Segment Start: Supplied records

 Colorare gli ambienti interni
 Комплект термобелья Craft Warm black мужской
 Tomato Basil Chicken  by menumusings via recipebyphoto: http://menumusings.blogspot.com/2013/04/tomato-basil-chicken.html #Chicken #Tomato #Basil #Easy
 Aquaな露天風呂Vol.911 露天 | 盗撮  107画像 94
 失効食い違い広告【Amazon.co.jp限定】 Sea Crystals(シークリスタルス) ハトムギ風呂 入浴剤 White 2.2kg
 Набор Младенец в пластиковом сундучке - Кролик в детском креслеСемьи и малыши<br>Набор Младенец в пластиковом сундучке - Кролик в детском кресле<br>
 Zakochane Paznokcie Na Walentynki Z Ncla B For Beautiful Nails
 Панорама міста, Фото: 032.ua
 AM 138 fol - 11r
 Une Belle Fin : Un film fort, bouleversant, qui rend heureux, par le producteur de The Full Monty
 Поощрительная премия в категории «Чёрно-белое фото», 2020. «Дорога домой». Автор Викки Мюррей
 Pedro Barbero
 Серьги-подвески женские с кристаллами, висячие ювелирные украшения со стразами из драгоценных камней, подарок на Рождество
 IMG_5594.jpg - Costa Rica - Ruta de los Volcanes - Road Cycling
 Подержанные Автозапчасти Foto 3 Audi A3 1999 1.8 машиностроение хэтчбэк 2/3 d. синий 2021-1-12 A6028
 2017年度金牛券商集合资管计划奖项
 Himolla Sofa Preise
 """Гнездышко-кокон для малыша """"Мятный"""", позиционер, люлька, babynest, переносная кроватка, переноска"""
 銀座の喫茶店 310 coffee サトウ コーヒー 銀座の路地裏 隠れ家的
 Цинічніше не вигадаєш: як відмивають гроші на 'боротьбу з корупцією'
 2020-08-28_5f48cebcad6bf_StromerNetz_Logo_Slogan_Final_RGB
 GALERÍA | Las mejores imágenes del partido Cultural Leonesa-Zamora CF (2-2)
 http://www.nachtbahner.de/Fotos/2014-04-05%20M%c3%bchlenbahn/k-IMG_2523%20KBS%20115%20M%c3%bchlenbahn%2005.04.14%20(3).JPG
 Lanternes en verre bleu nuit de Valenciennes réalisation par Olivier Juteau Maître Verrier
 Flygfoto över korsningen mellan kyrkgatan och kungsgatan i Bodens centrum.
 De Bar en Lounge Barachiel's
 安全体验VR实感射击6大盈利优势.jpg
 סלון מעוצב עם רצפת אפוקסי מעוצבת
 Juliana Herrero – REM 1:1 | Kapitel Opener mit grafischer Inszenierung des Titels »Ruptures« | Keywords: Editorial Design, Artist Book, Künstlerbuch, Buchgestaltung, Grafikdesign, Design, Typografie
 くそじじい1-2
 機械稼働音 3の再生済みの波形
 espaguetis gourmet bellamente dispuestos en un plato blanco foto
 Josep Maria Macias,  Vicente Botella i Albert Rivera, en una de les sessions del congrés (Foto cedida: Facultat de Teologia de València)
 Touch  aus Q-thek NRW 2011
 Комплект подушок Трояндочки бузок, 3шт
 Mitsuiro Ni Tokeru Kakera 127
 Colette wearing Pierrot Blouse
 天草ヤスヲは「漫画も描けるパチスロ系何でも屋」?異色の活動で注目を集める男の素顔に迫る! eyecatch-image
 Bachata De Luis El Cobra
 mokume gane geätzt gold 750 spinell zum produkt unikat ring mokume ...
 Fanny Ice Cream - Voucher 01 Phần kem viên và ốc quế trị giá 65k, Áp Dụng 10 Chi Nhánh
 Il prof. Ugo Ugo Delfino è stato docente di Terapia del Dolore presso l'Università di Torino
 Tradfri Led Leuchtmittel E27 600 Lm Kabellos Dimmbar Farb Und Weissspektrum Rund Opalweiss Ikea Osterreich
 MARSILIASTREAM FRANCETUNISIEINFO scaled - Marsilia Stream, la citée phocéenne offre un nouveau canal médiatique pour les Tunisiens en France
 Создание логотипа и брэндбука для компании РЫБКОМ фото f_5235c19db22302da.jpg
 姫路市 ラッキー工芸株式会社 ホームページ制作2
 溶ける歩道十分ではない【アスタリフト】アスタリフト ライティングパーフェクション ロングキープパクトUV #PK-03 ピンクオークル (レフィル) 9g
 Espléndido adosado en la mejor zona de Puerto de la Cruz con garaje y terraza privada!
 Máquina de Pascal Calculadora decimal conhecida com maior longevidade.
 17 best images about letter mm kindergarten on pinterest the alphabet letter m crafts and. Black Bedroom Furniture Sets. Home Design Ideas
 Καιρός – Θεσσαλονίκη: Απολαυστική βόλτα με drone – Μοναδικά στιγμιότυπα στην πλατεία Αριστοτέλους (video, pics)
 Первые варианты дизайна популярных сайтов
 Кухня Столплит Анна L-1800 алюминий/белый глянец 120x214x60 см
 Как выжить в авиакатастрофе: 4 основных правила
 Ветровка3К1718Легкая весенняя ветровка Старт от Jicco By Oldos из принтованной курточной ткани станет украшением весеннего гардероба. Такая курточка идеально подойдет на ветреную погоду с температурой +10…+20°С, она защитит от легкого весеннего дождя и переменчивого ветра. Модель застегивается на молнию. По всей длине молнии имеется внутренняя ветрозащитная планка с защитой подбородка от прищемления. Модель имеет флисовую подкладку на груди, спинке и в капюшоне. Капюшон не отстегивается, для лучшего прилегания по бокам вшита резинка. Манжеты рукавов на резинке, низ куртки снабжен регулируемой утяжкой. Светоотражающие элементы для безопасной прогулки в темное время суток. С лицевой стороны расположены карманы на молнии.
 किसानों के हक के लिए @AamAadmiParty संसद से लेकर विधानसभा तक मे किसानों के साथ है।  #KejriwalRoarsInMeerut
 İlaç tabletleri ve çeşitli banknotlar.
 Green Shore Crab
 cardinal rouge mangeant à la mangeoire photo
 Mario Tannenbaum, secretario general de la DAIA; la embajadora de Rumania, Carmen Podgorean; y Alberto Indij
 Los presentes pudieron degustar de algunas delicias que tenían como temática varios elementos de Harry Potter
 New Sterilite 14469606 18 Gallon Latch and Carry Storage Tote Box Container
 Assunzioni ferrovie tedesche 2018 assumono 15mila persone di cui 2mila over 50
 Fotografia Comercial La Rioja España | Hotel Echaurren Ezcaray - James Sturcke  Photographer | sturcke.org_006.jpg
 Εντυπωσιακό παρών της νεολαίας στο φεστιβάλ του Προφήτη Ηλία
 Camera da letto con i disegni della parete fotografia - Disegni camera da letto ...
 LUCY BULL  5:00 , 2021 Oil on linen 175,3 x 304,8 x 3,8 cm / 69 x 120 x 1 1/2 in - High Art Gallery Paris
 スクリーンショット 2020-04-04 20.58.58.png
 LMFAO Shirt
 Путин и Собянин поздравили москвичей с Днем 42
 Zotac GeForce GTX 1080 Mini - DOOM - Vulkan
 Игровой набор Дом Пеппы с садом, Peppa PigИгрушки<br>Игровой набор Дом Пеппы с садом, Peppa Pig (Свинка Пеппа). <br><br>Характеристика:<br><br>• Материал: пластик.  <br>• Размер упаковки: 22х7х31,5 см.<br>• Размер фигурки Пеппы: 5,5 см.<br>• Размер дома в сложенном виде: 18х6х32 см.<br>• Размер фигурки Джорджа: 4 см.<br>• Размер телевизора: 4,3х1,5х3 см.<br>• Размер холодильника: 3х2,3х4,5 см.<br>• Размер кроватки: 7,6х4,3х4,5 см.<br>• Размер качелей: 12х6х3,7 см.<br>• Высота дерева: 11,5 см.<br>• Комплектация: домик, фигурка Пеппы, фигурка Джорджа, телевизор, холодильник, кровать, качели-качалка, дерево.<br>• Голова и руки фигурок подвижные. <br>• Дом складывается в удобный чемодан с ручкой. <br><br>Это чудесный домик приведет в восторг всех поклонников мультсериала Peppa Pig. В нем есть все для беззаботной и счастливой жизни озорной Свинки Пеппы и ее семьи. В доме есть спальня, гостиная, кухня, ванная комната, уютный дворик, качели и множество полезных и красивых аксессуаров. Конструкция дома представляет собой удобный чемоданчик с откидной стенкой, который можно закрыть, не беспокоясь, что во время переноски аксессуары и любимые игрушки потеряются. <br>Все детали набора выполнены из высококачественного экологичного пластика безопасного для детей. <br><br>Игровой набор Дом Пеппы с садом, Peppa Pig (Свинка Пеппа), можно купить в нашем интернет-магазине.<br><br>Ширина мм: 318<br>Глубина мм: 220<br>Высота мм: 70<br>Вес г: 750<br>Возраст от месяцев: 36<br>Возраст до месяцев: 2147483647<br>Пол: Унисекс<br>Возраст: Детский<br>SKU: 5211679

Segment End: Supplied records

— About this task —
What you return must be the lines above that run from the line with "Mitsuiro Ni Tokeru Kakera 127" to the line with "Il prof. Ugo", inclusive, each copied exactly.

— Answer to the problem —
 Mitsuiro Ni Tokeru Kakera 127
 Colette wearing Pierrot Blouse
 天草ヤスヲは「漫画も描けるパチスロ系何でも屋」?異色の活動で注目を集める男の素顔に迫る! eyecatch-image
 Bachata De Luis El Cobra
 mokume gane geätzt gold 750 spinell zum produkt unikat ring mokume ...
 Fanny Ice Cream - Voucher 01 Phần kem viên và ốc quế trị giá 65k, Áp Dụng 10 Chi Nhánh
 Il prof. Ugo Ugo Delfino è stato docente di Terapia del Dolore presso l'Università di Torino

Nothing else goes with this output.